Since 1983, families have begun to return to the Yaghnob Valley. The majority of those that remain on the plains tend to be assimilated with the Tajiks, as their children study in school in the Tajik language. The returnees live through the natural economy, and the majority remain without roads and electricity.

===21st century===
The Yaghnob Valley comprises approximately ten settlements, each housing between three and eight families. There are other small settlements elsewhere. The upper Yaghnob River Valley was protected by an until recently almost impenetrable gorge. They also live in and about the Amu Darya River, the Yaghnob River, the Yaghnob Valley, the Qul River, the Varzob rivers and the town of Anzob.

== Religion ==
The Yaghnobi people are Sunni Muslims. Many elements of the pre-Islamic Iranian religion of Zoroastrianism are still preserved.

==Genetics==
===Haplogroups===
The main paternal haplogroups of Yaghnobis are R1-M173 and J2-M172, both found at a frequency of around 32%. The second most common haplogroup is R1a1a-M17 at around 16%. The third most common haplogroup is L-M20, at a rate of approximately 10%. Other haplogroups include C-M130, K-M9 and P-M45, each at 3%.

===Autosomal DNA===
The Yaghnobi are genetically more similar to "present-day western Eurasian populations and Iranians". They display high genetic affinities to Iron Age Central Asians.
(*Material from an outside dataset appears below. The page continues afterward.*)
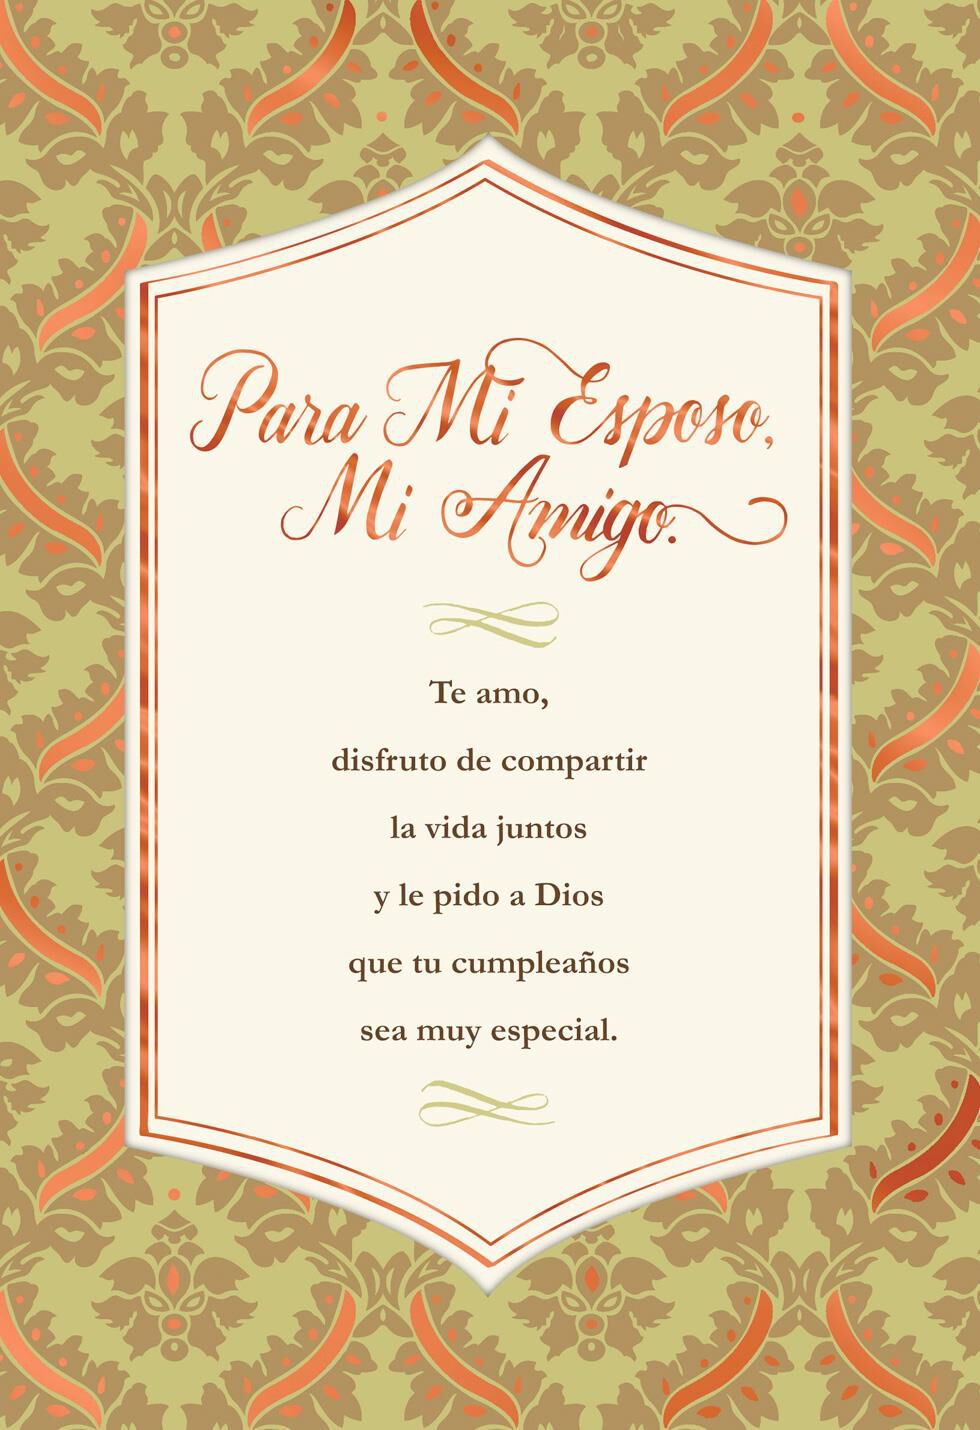 Husband and Friend Spanish-Language Religious Birthday Card - Greeting

Genetic data further indicates that Yaghnobis "have been isolated for a long time with no evidence of recent admixture". Yaghnobis derive around 93% of their ancestry from historical Indo-Iranian sources (represented by an Iron Age sample from Turkmenistan and Tajikistan) and around 7% from Baikal EBA groups (a population with 80-95% Ancient Northeast Asian and 5-20% Ancient North Eurasian ancestry). The ancient and present-day Iranian populations from Central Asia form together a cline between Iranian Neolithic farmers and Central Steppe Bronze Age, with a clear shift in ancestry toward Steppe between Bronze Age and Iron Age, and a smaller shift toward eastern Asian ancestry between Iron Age and present-day. This shift is more pronounced for Tajiks than Yaghnobis, with additional South Asian related ancestry among the former.

The Yaghnobi may be used as proxy for historical Central Asian Steppe ancestry associated with the initial spread of Iranian languages.